# 30ml pet bottles



## incredible_hullk (3/9/16)

westpack lifestyle...r20 for 6

syringes r75 for 100 10ml

pipettes r5.90 for 10 x 3ml

diy heaven


----------



## Andre (3/9/16)

That does not look like PET bottles? HDPE maybe?


----------



## incredible_hullk (3/9/16)

Andre said:


> That does not look like PET bottles? HDPE maybe?
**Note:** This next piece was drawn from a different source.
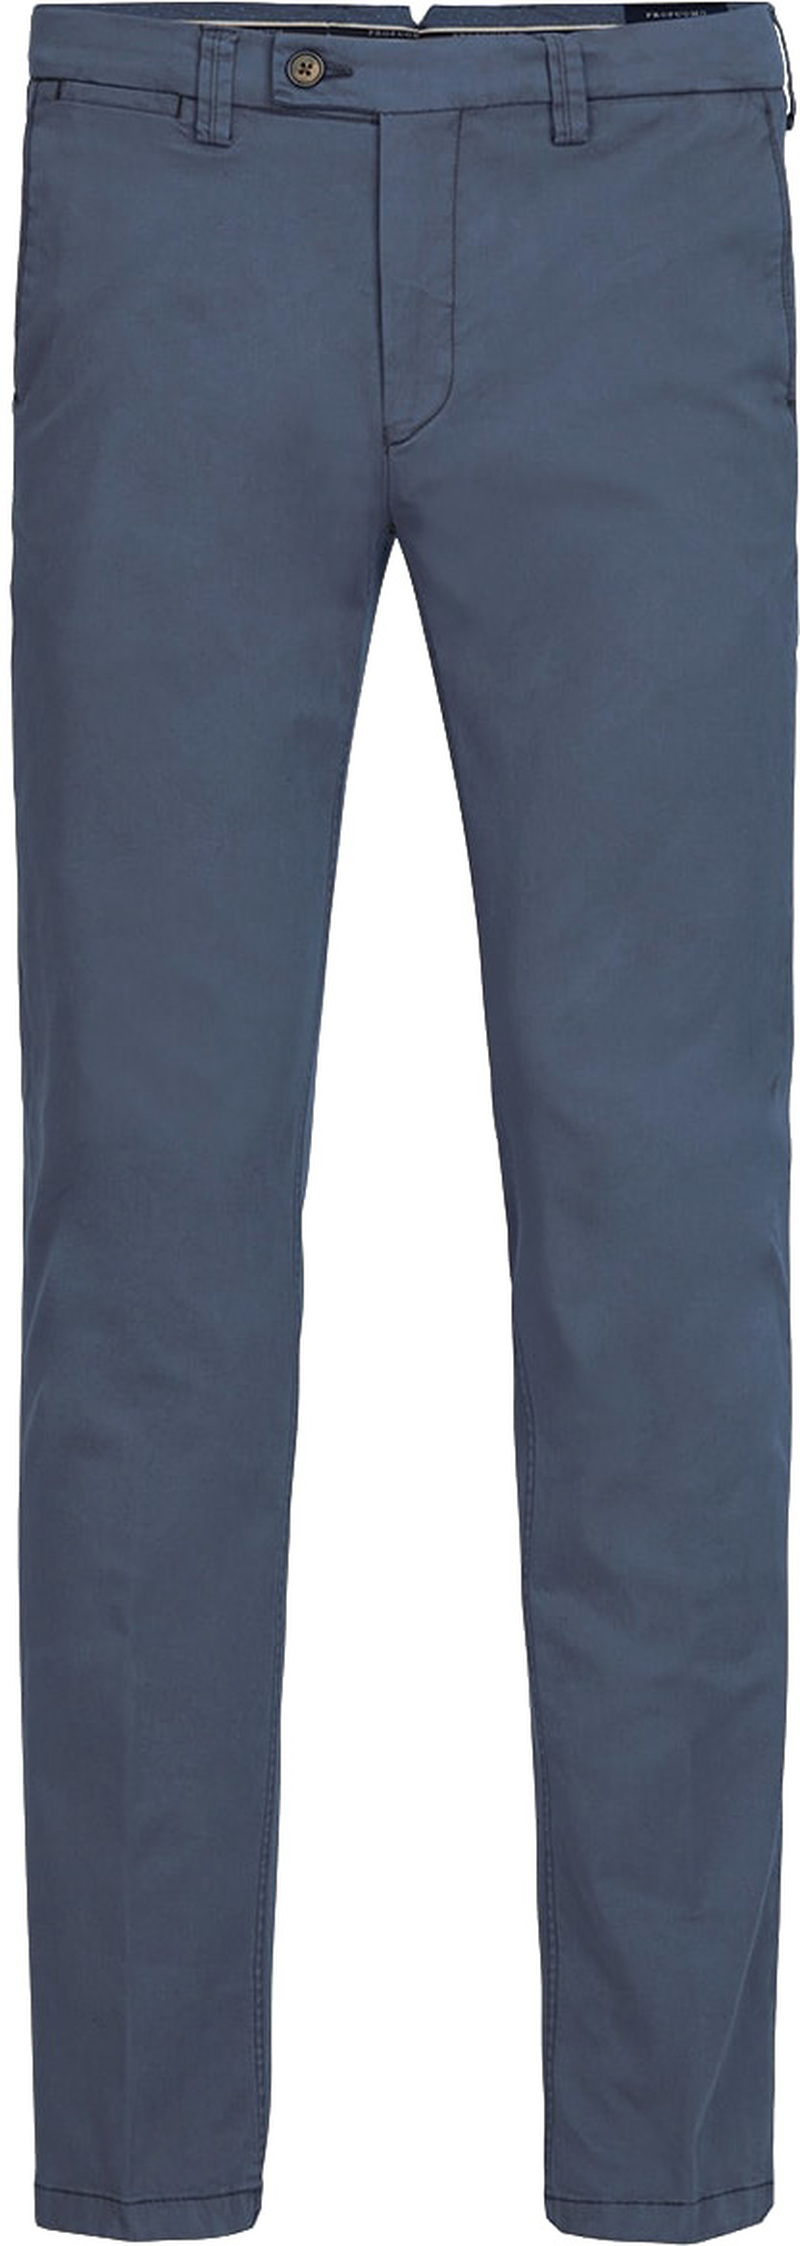 Profuomo Chino Garment DYE Blauw foto 0

thx andre will ask the staff

Reactions: Like 1


----------



## RichJB (3/9/16)

I was at the Honeydew branch yesterday and they're out of 50ml amber bottles, they only have 25ml and 100ml now. I bought some 25ml to make up 10ml testing samples. But I really wanted the 50ml as those are perfect for my typical 30ml mixes. I noticed that they're also out of the witch's hat plastic bottles. I wanted to get a 100ml or 2x50ml witch's hat for nic. I saw that they are also out of amber dropper bottles. I hope they're just sold out and haven't decided to stop stocking them. It would also be nice if they stocked 1ml syringes for really small flavour additions, 3ml is currently their smallest.

Some other stuff I've noticed there with vaping application:

* the small plastic shooter glasses work great as atty stands. Why spend R65 on an atty stand when you can buy a pack of a bazillion shooter glasses for about R10?
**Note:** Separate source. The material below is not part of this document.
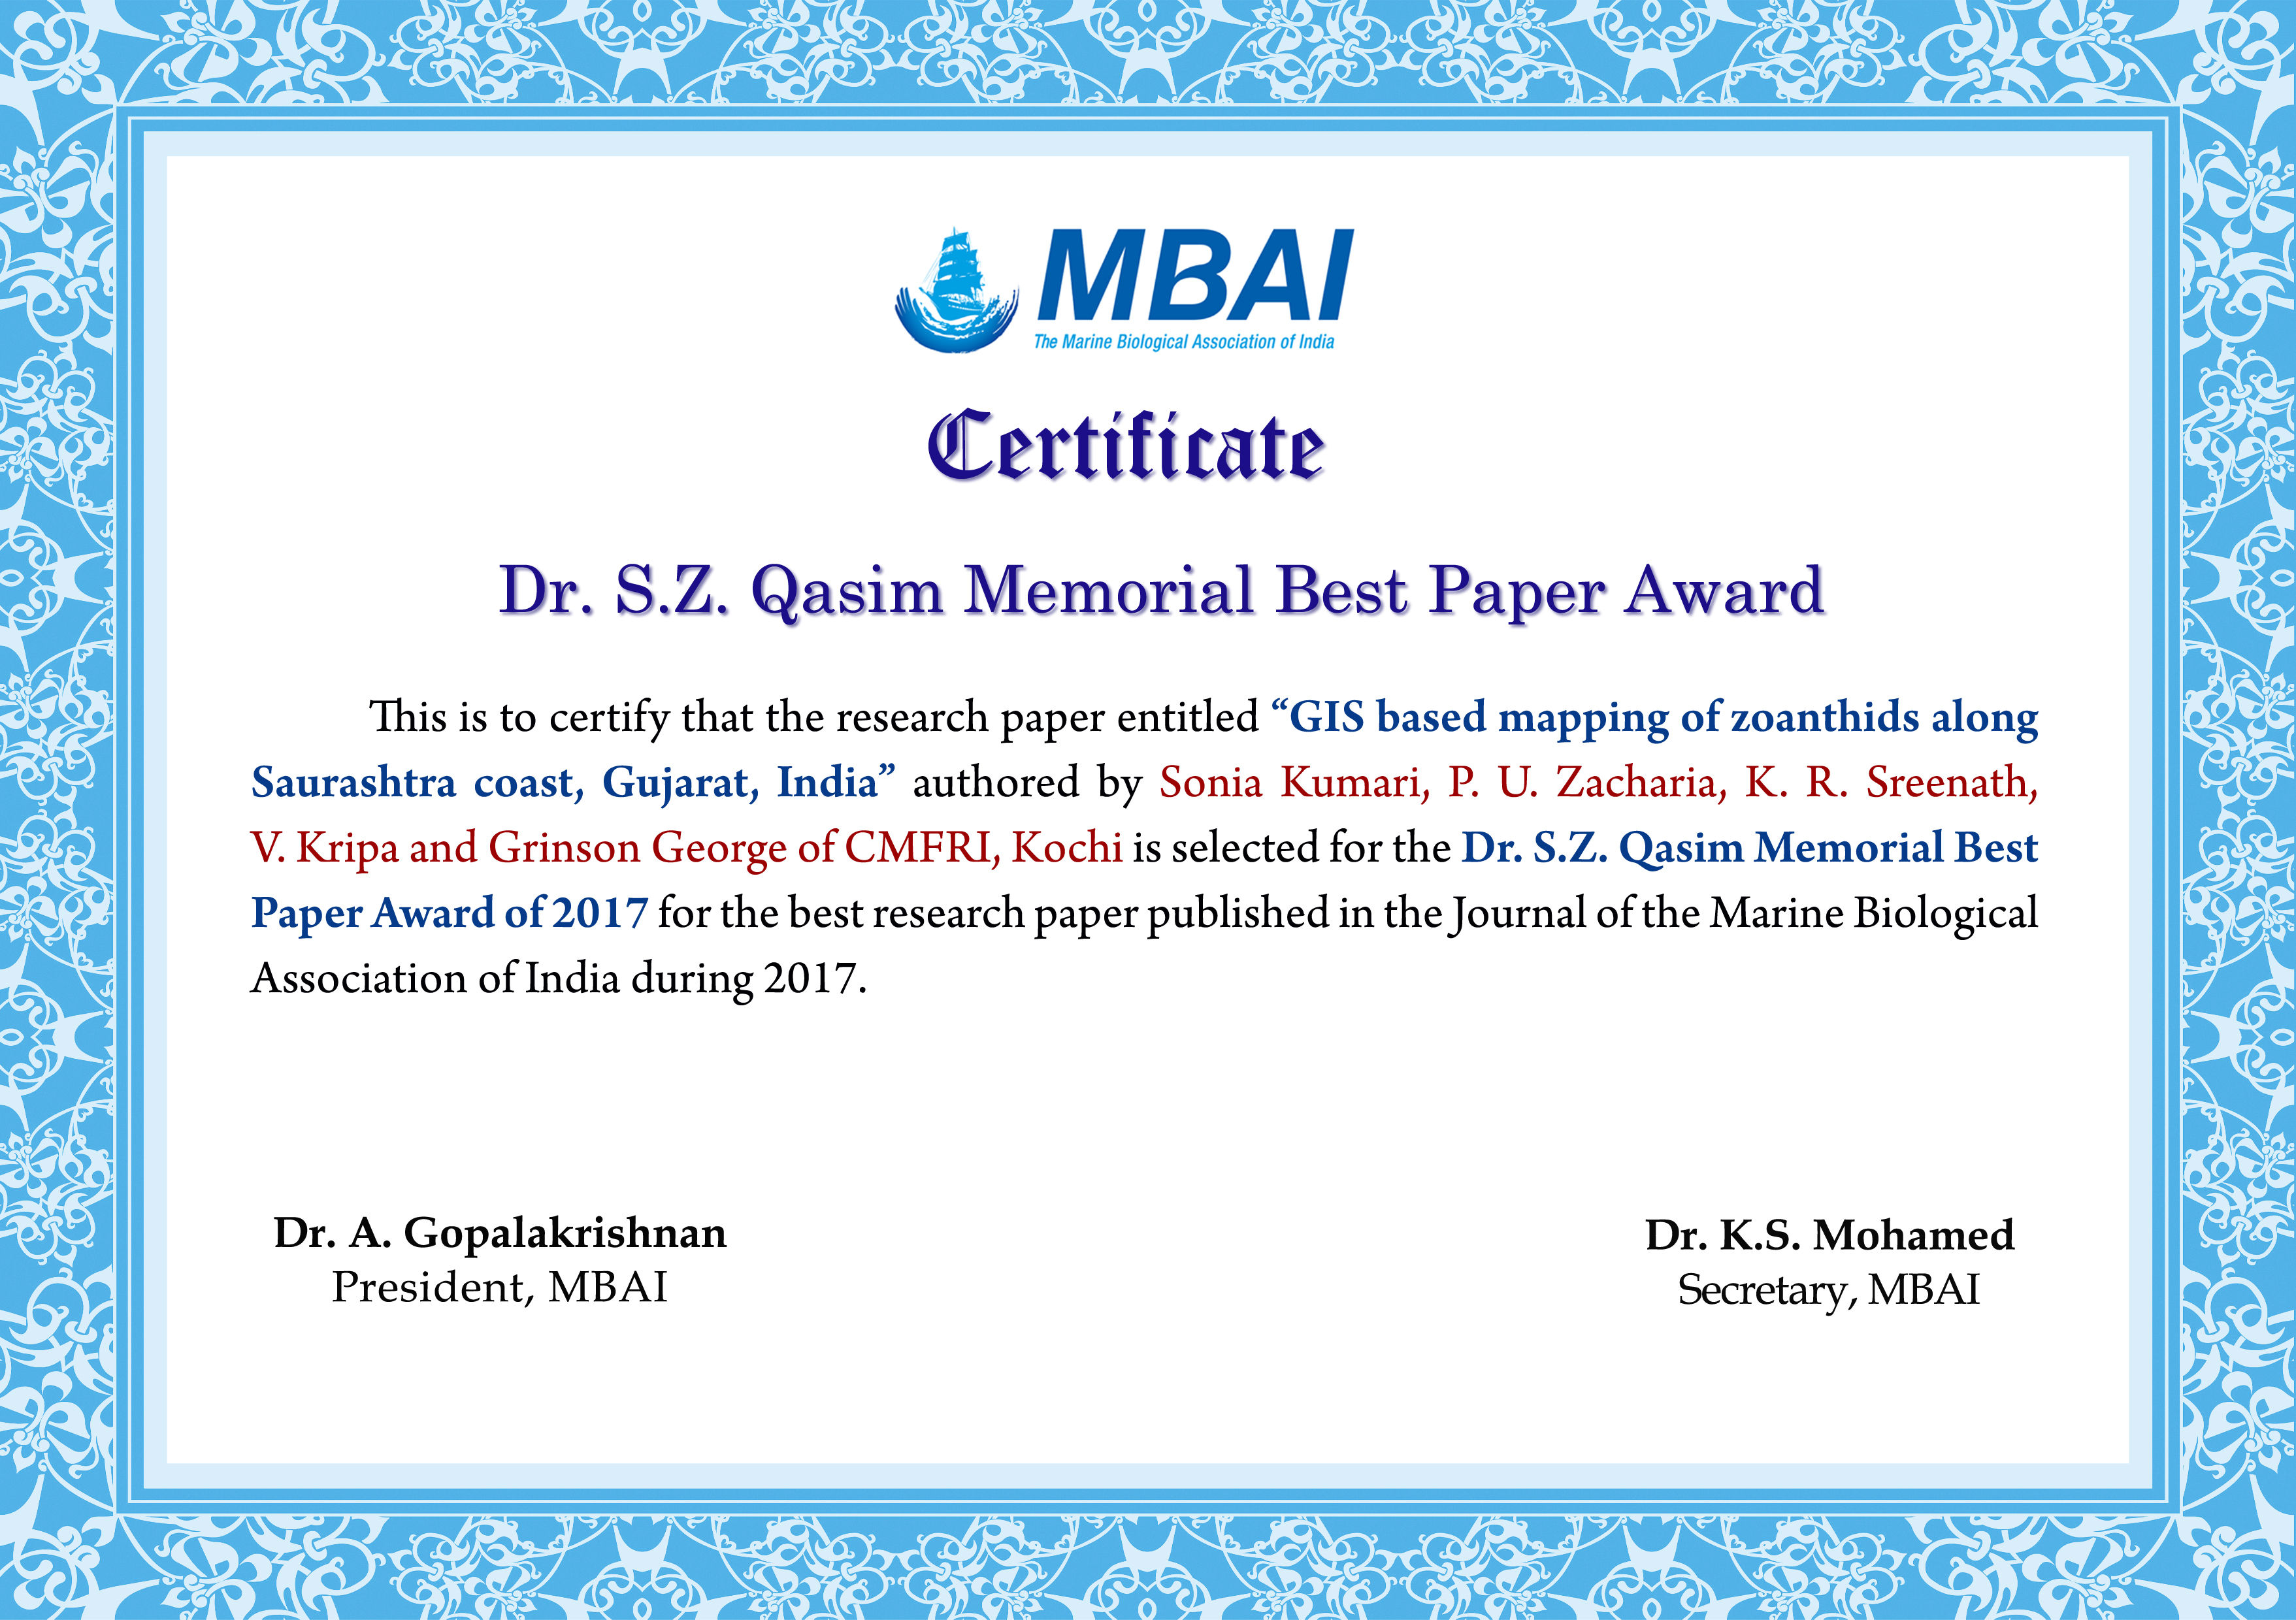 mbai the marine biological association of india

* they have fairly large silicone chopping mats for R30. If you're coiling or mixing and don't want to mess on the table, it's a great vape mat.

* loads and loads of plastic containers and utility boxes for vape gear. I like the Magyver toolboxes or the smaller organizer box which could be used for rolls of wire, coils, cotton, small tools, batteries, etc.

* the pbusardo size paper towel roll for the* really *messy vaper.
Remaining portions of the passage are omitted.